The final Martin Beck novel (though it’s not entirely clear from the novel — with Per Wahloo dying) is about Beck being hired (involuntarily enlisted) to design and execute a security plan with a visiting US Senator of dubious reputation and politics. It’s 1975 and politics are fraught.
We start with a terrorist bombing in a far away country showing a sophisticated network of terrorists (more so mercenaries for hire) who specialize in precision attacks. We then jump to a court case in which a young woman from the countryside, who wandered into a bank with a knife strapped to her belt is mistaken for a bank robber and through a case of prosecutory aggression is on trial. Beck testifies on behalf of the young woman, providing his analysis and expertise on her general naivete about modern society (a kind of primitivatist anti-capital hippie) who was simply trying to borrow money for a trip to the US to see the father of her child before being mistaken for a bank robber.

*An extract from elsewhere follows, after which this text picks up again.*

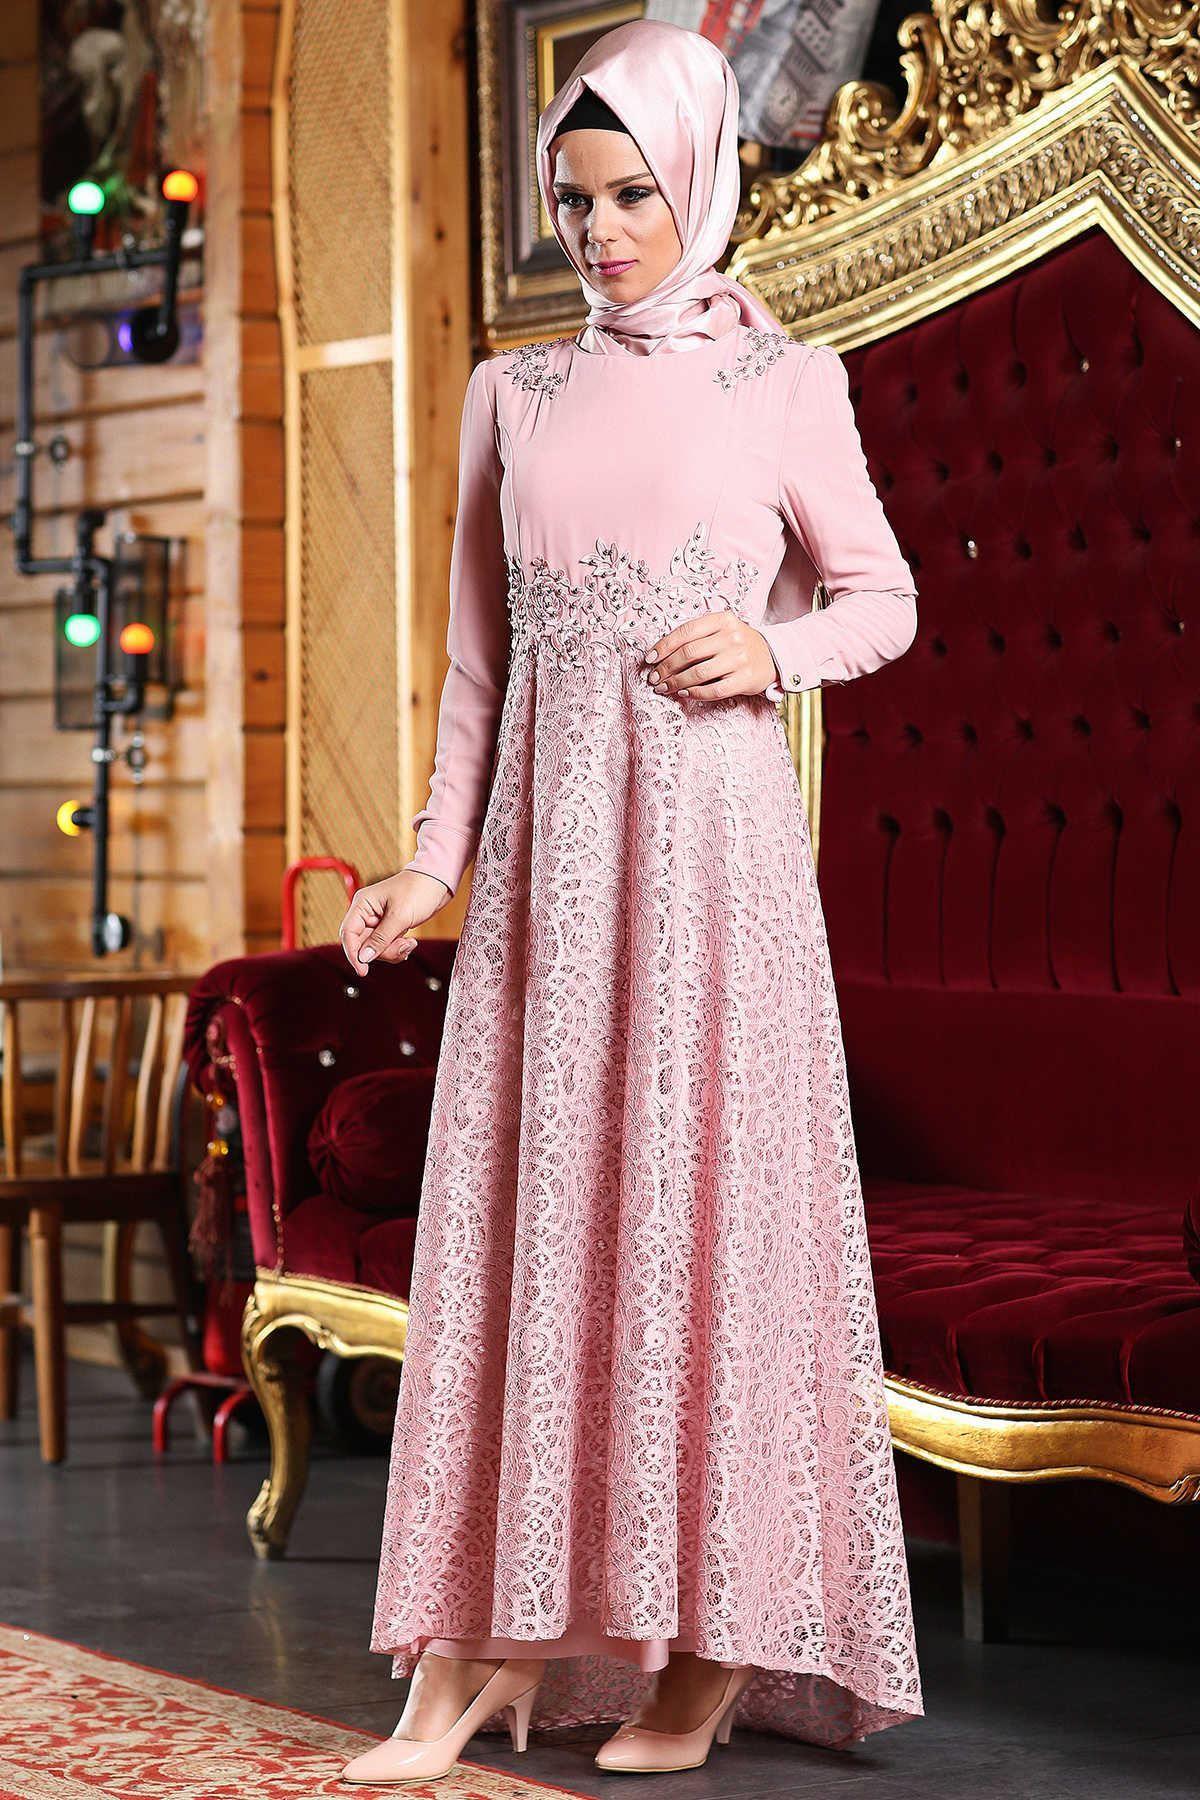 Sik Ve Modern Patirti Tesettur Abiye Elbise Modelleri Moda Tesettur Giyim Elbise Modelleri Moda Stilleri Elbise

The novel then spends a lot of time with Beck and his new girlfriend (a leftist) as they enjoy a post-divorce romance and possibilities about the future.
As the visit from the US Senator approached, tensions heighten, and an unrelated set of crimes threaten to disrupt or confuse or allow for the possibility of assassination.
Like I said, it’s a final novel, even if unwittingly and it works as such. There’s a sense in the novel of times changing, with Beck being older and thinking about age and time passing, and finding himself sympathetic with the frustrations of the youth in his country.